Шрифт:
Самолеты — над расположением противника. Немцы молчат, не обстреливают. Значит, не ждали. Но в расчетном месте, где надо было визуально бросать бомбы, оказалась густая облачность. Она простиралась на большое расстояние, словно щитом прикрывая землю. Бомбить неприцельно, наугад было пустой забавой. Надо, чтобы снаряды попали в цель, иначе ночной налет терял смысл.
Коварная облачность заставляет пилотов рассредоточиться — можно наскочить друг на друга. Строй нарушается. В такие ответственные минуты каждый решает, как ему поступить. Крутеню страшно досадно, что не удалось пошвырять бомбы на вражеские аэропланы. Он утешает себя мыслью, что такой полет можно повторить в следующий раз и более счастливо. А сейчас надо ударить по видимой цели, не везти же боеприпасы обратно. Евграф Николаевич ведет свой "вуазен" восточнее реки Бзуры, где сосредоточены резервы и окопы противника. Внизу цель. Пилот поднимает руку, давая знак наблюдателю Казакову, и тот сбрасывает боезапас. Две бомбы, по два пуда каждая, с воем летят на землю. Вслед за ними экипаж сбрасывает еще четыре бомбы по пуду — это предельная нагрузка для аппарата.
Взрывы бомб, сопровождаемые вспышками пламени, ясно видятся внизу.
Следуя примеру ведущего, его маневр повторяют Грезо и Пуарэ.
Нет, не напрасен ночной полет. Противнику нанесен урон. Вполне возможно, что досталось и немецким самолетам, укрытым в специальных палатках-ангарах. Отходя от цели, летчики видят внизу разрастающийся огонь.
Возвратившись на аэродром, летчики осуществляют посадку при свете костров.
Крутень подходит к генералу Смирнову и докладывает о результатах ночного бомбометания. Улавливая в его голосе досаду, командующий успокаивающе говорит:
— Не огорчайтесь, поручик. Ночной вылет все-таки состоялся. Это очень важно. Надеюсь, пруссаки почувствовали, с кем имеют дело. А в следующий раз, думаю, ударите бомбами прямо по этим проклятым "альбатросам", чтобы горели и летели вверх тормашками.
Командующий со своей свитой покидает аэродром. Крутеня же не оставляет беспокойство.
— Будем летать ночью, черт возьми, — горячо говорит поручик Казакову. — Не дадим спать германцам.
— Этого мало, — улыбается тот, — жить им не дадим. Ведь они не любят, когда бомба разрывает их в клочья. Как думаешь?
— Хорошо, если вместе с немцем разорвется "альбатрос" или "фоккер". Тогда полная гармония.
— Я к тому говорю, Евграф, не надорвать бы нам пупа от натуги.
— Взялся за гуж — не говори, что не дюж, — отвечает поговоркой Крутень.
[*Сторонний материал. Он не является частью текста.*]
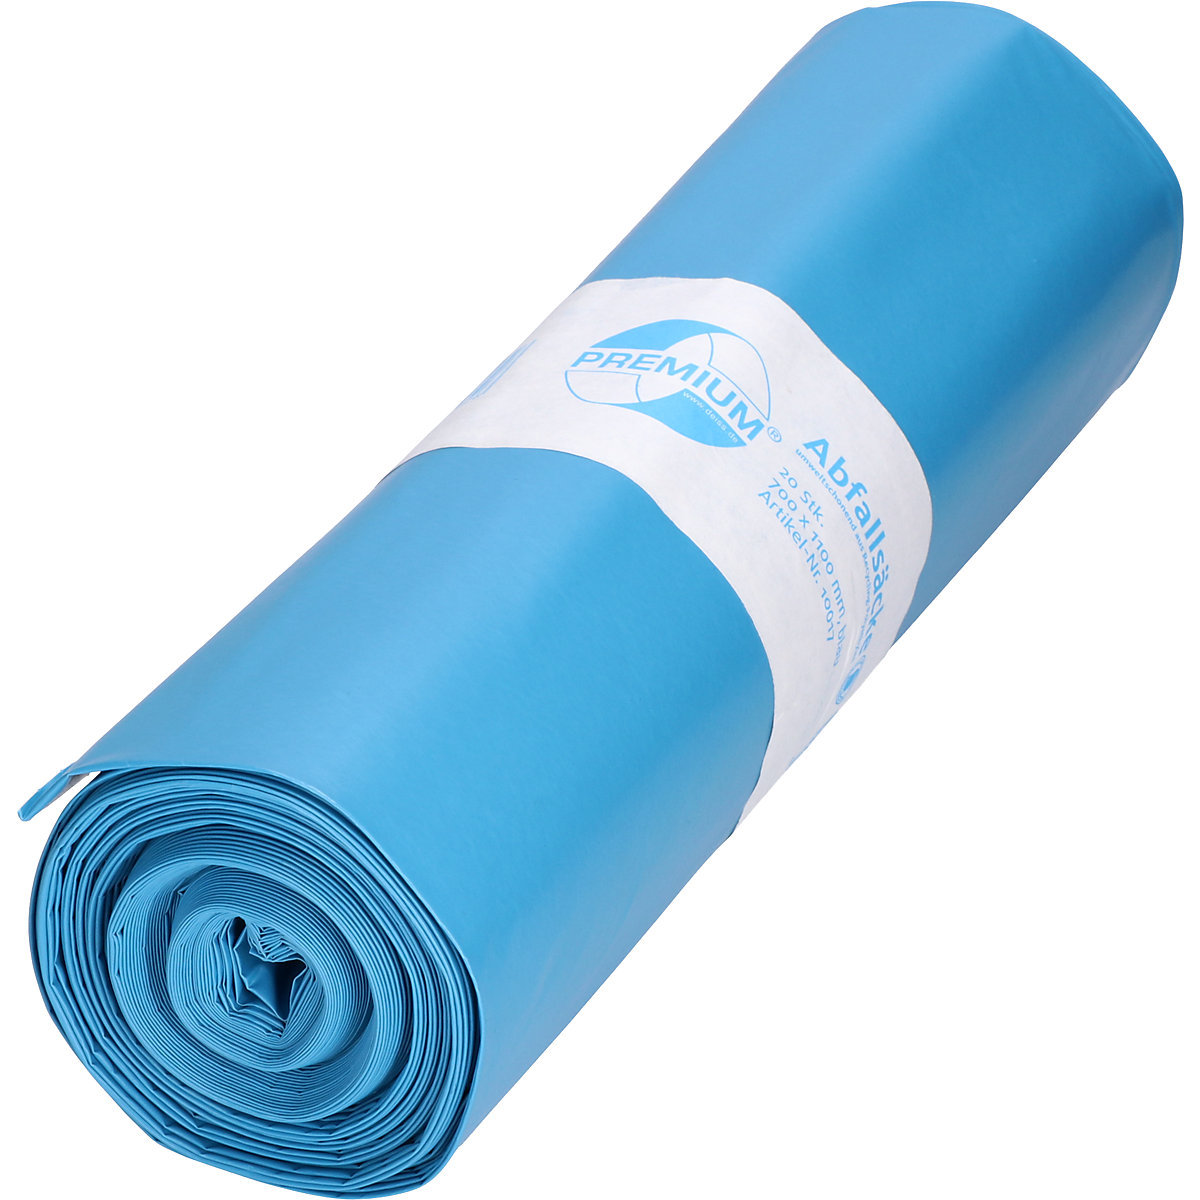 Heavy duty waste sacks LDPE, 120 l, WxH 700 x 1100 mm, material thickness 80 µm, blue, pack of 200-1

Поручик ждет подходящего момента, чтобы снова лететь на ночную бомбардировку. Как раз вскоре разведка установила, что в городе Ловиче разгружаются эшелоны с солдатами и оружием, скопилась масса вагонов. Из штаба армии приходит приказ нанести по ним удар.
Цель определена. Но, как назло, болен штабс-капитан Казаков. С кем лететь? Выбор летчика останавливается на механике Степанове.
— Полетишь со мной ночью долбать немцев? — спрашивает его Крутень.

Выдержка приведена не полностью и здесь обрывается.